The problem: Dropping every picture, set down exactly the lines in the entries below, starting with the line with "gothic architecture in the 12th century" and going on through the line with "a group of hot air balloons over a city".

Data for this task:
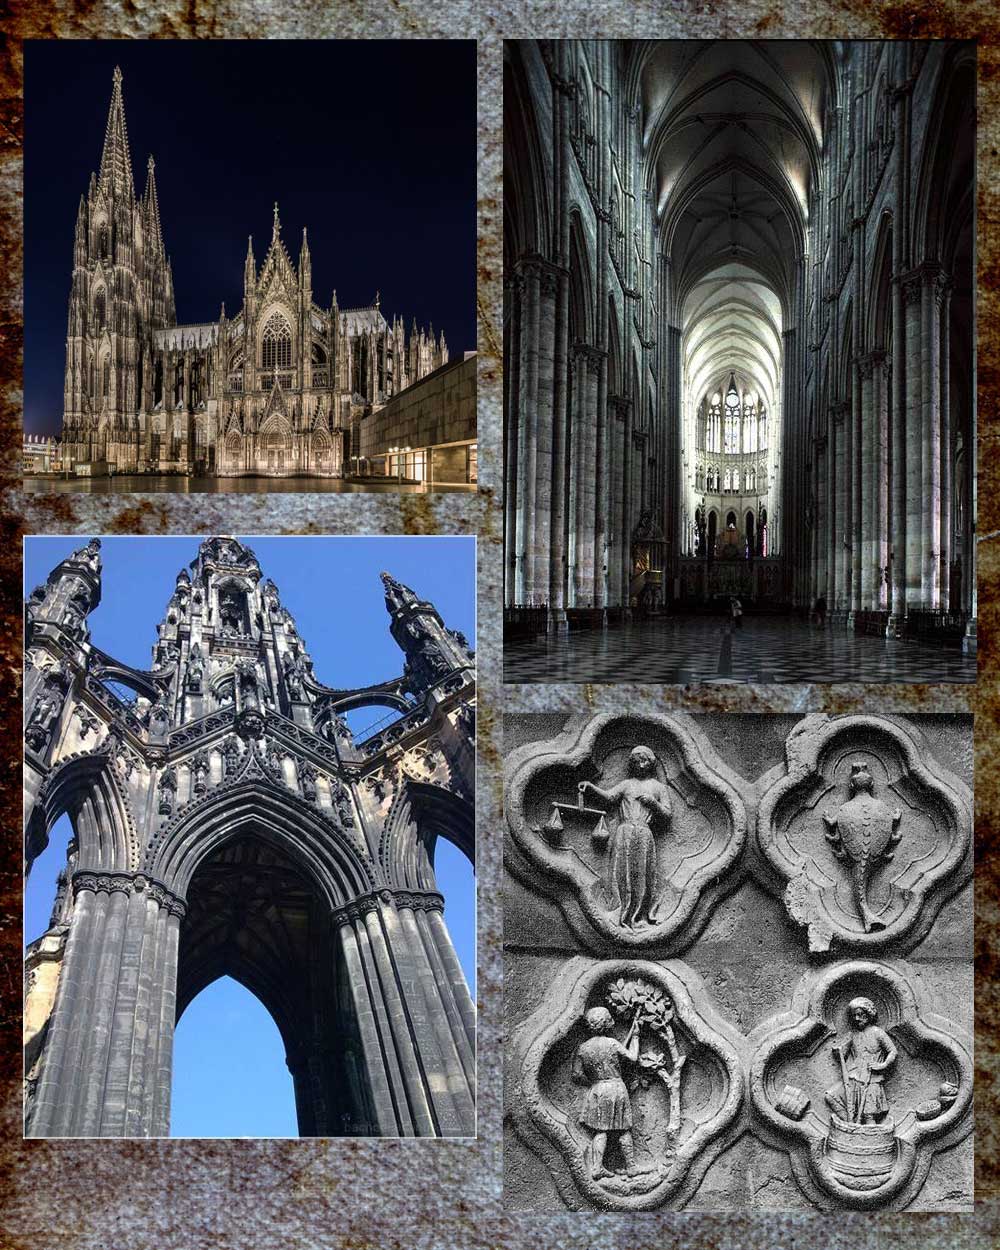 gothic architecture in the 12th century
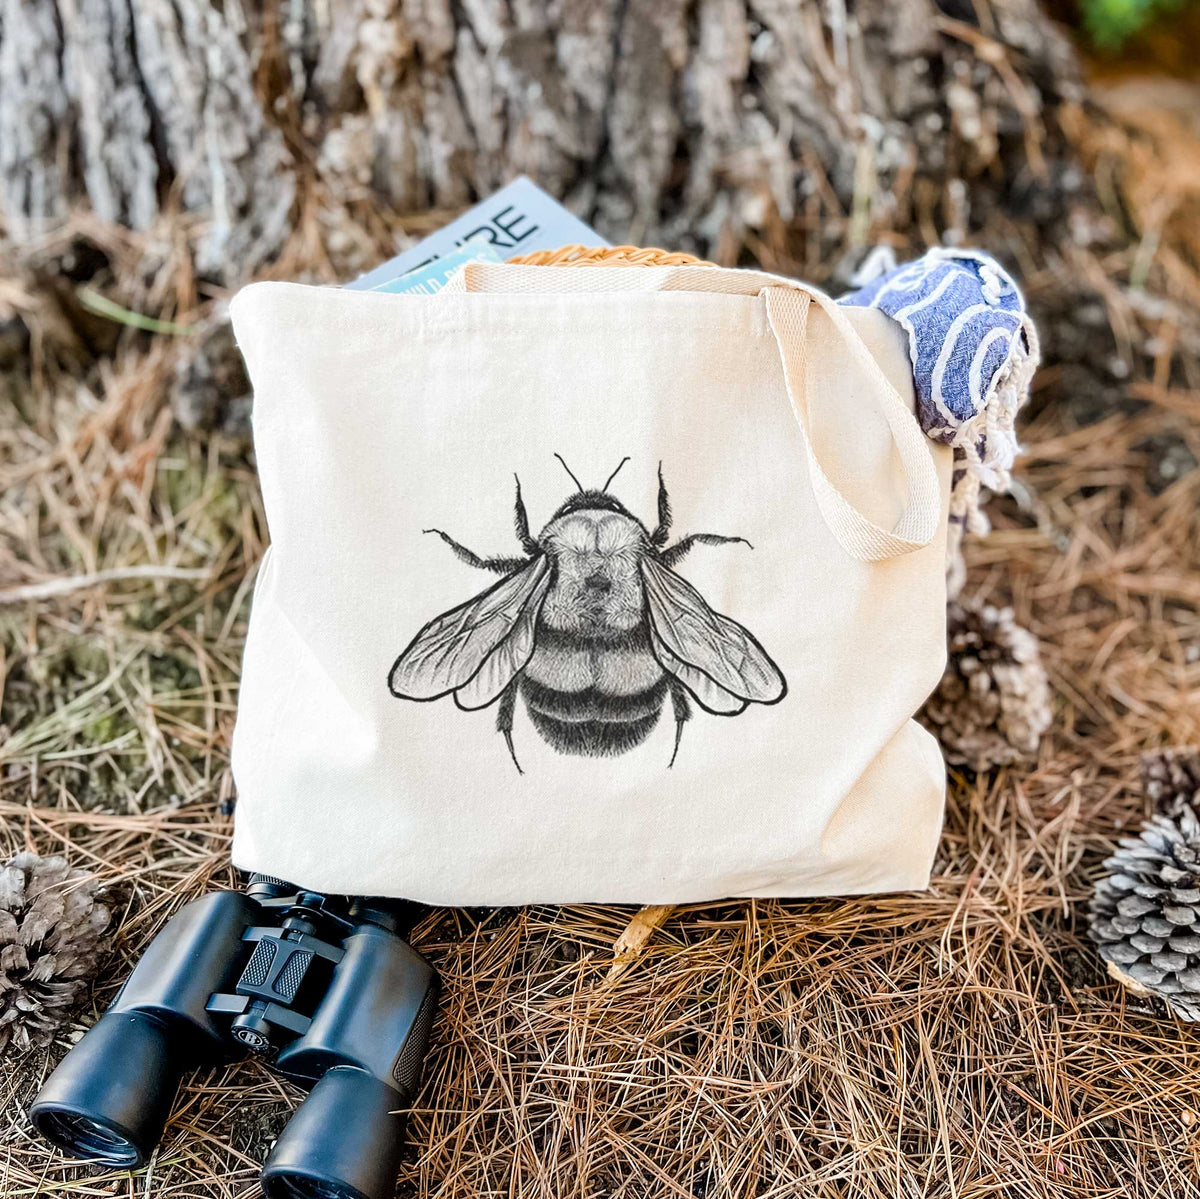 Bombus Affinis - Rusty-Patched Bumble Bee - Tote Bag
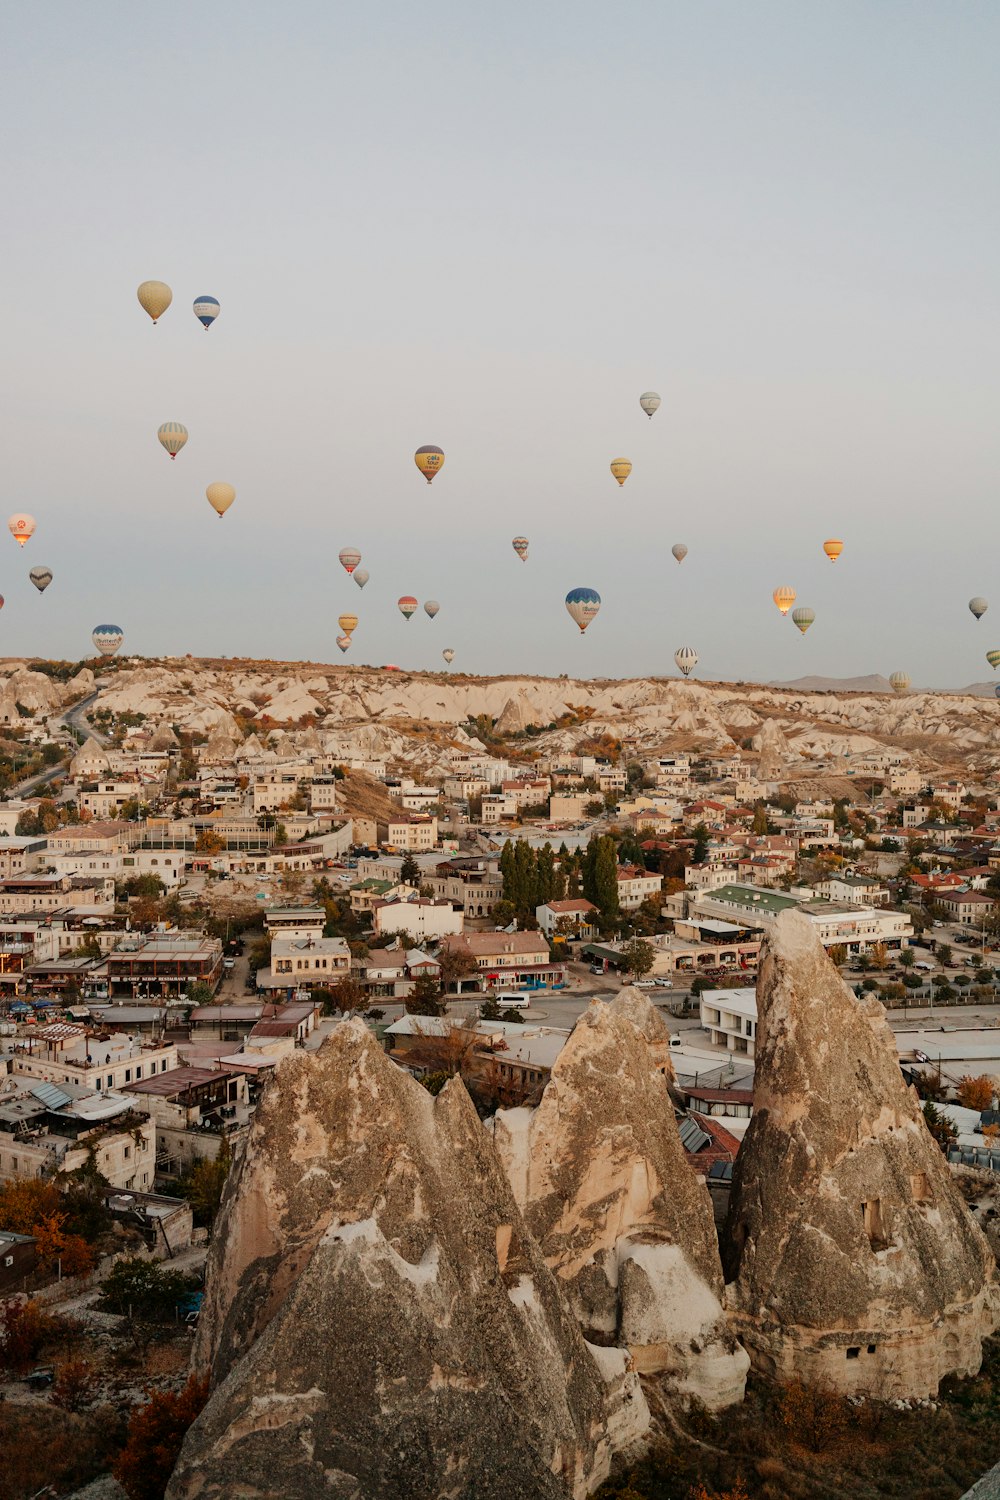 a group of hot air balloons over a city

* * *

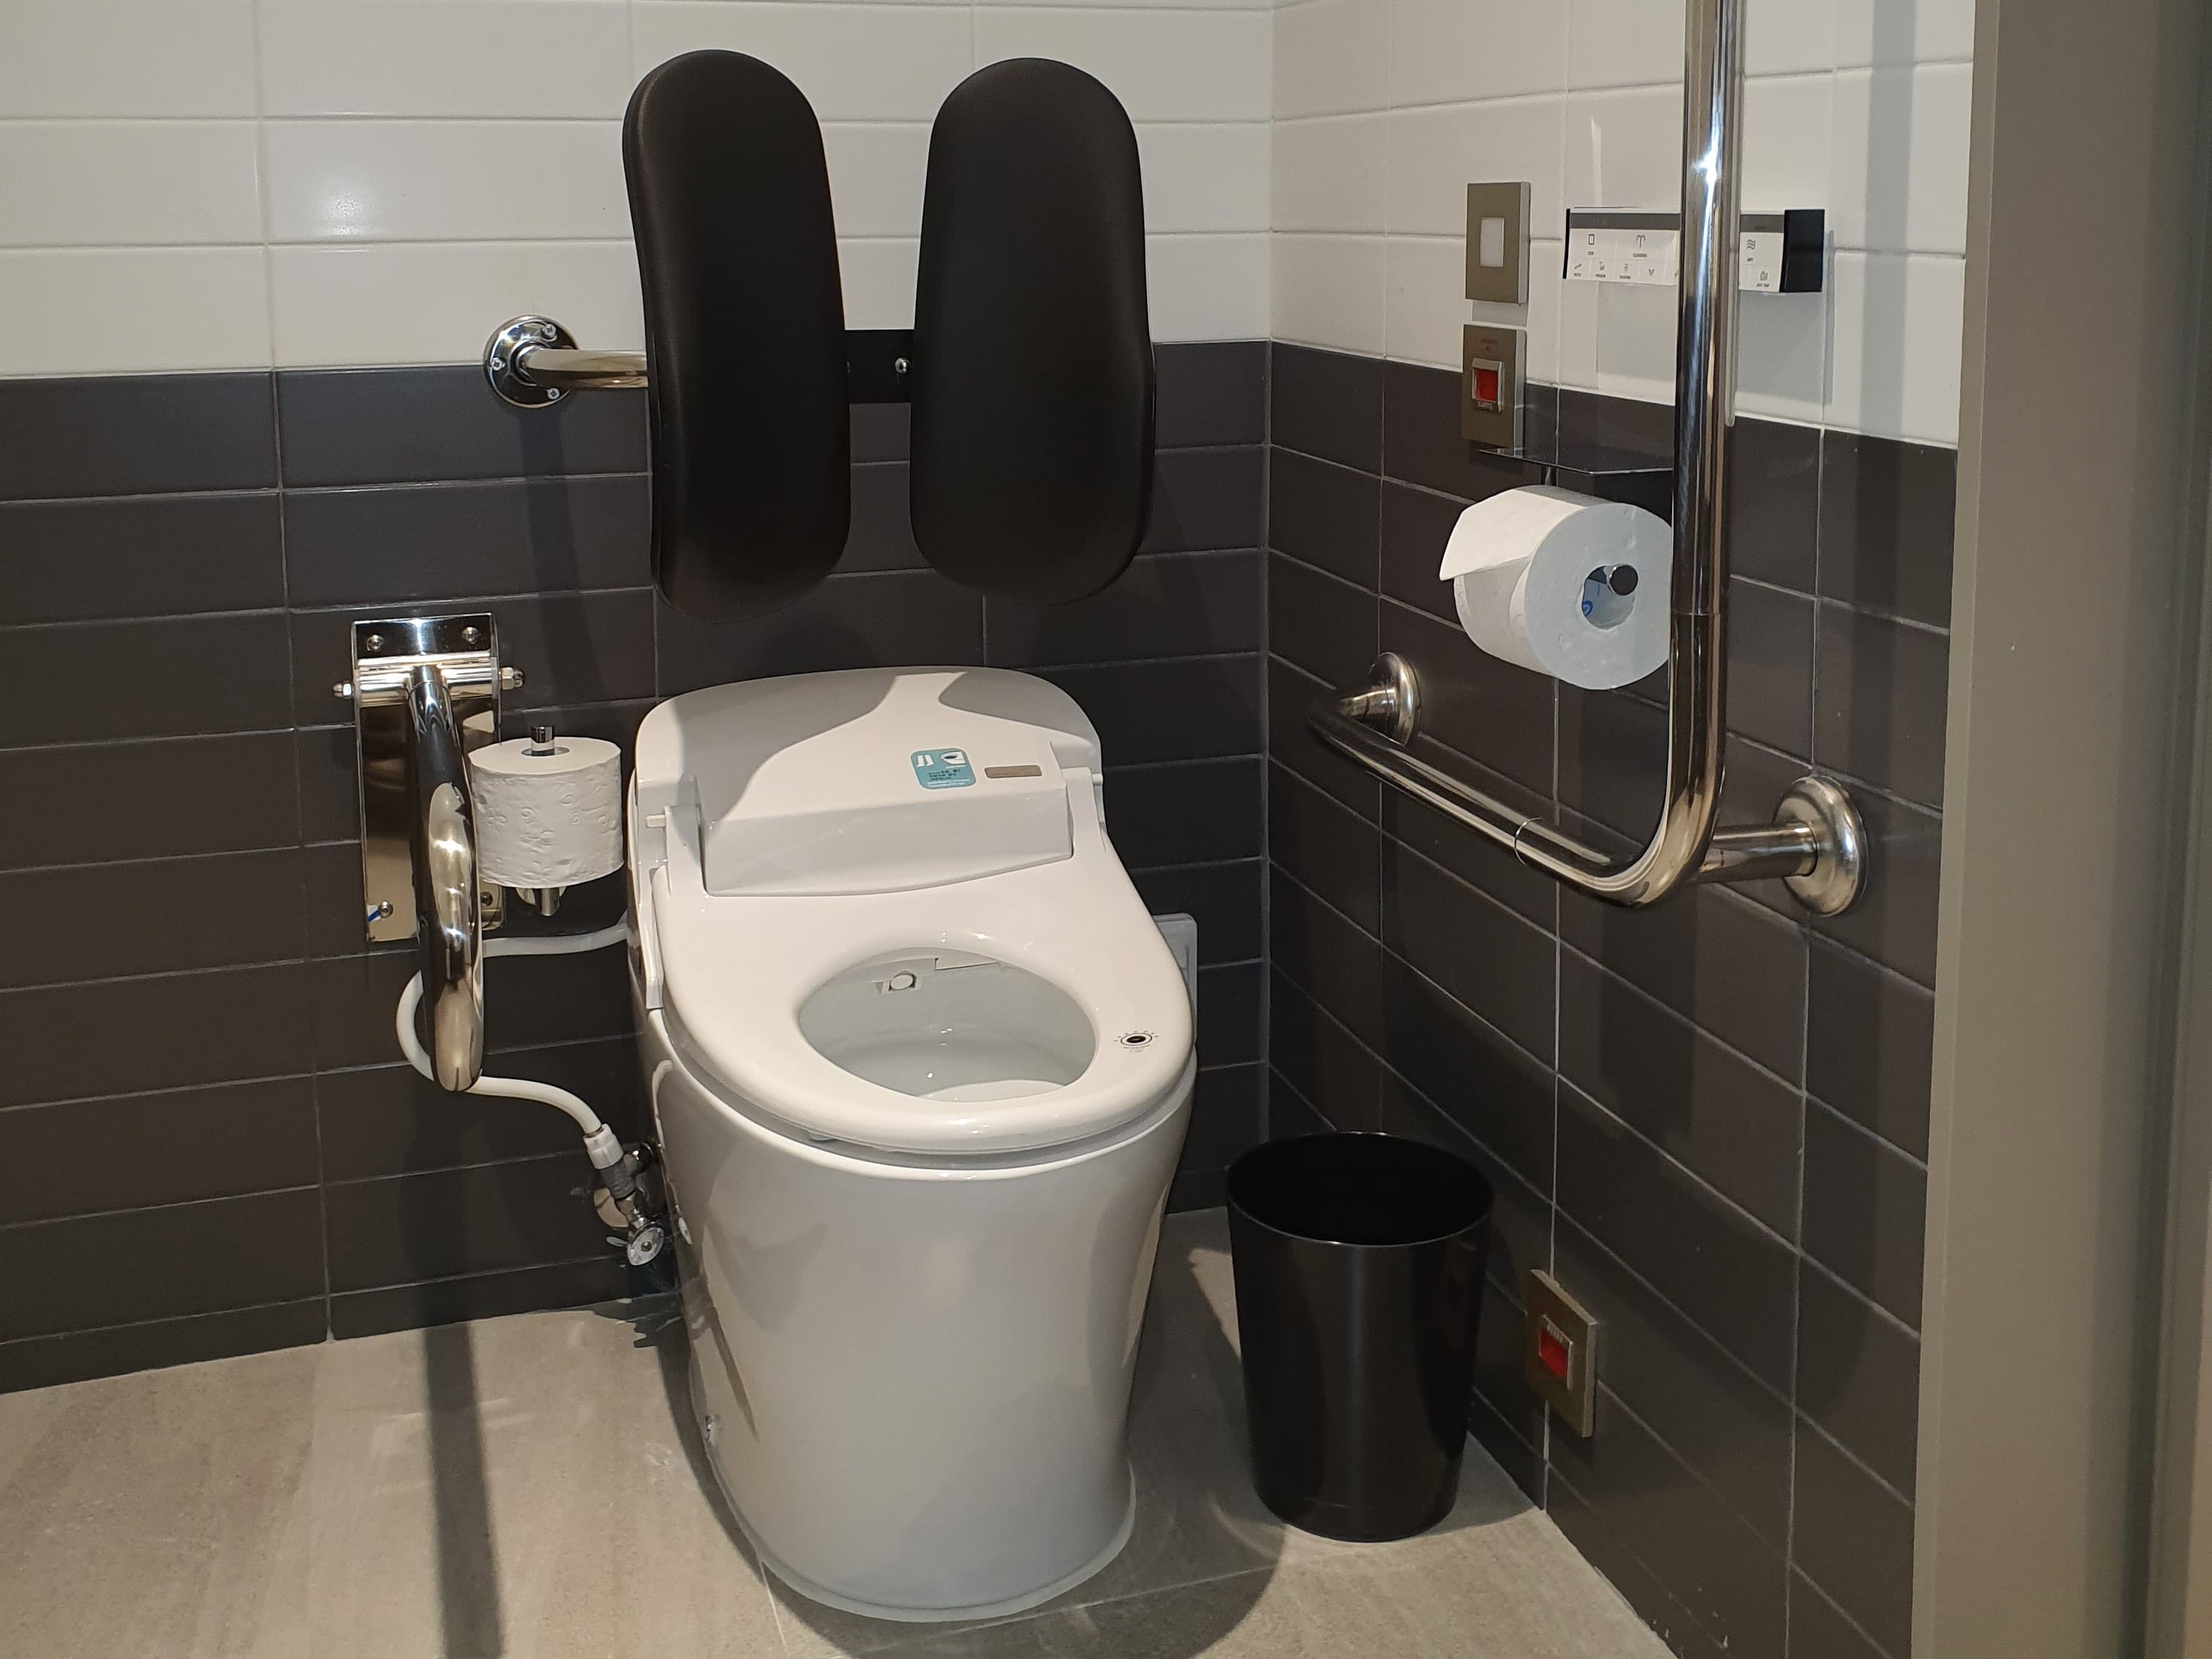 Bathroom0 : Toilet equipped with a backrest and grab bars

==

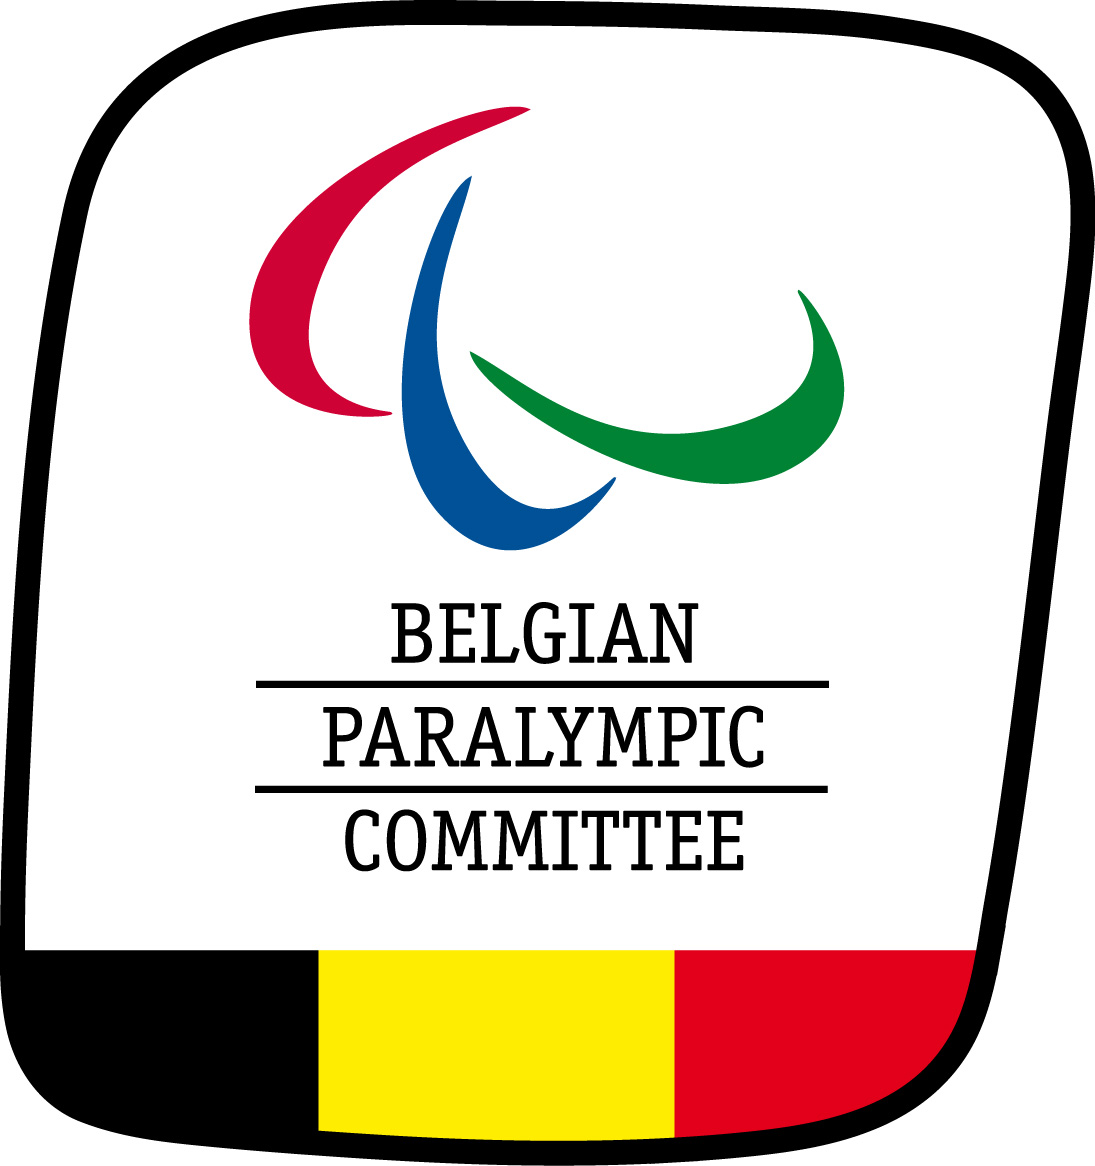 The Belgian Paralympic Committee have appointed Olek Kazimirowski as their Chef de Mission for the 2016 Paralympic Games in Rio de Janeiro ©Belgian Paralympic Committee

Answer:
 gothic architecture in the 12th century
 Bombus Affinis - Rusty-Patched Bumble Bee - Tote Bag
 a group of hot air balloons over a city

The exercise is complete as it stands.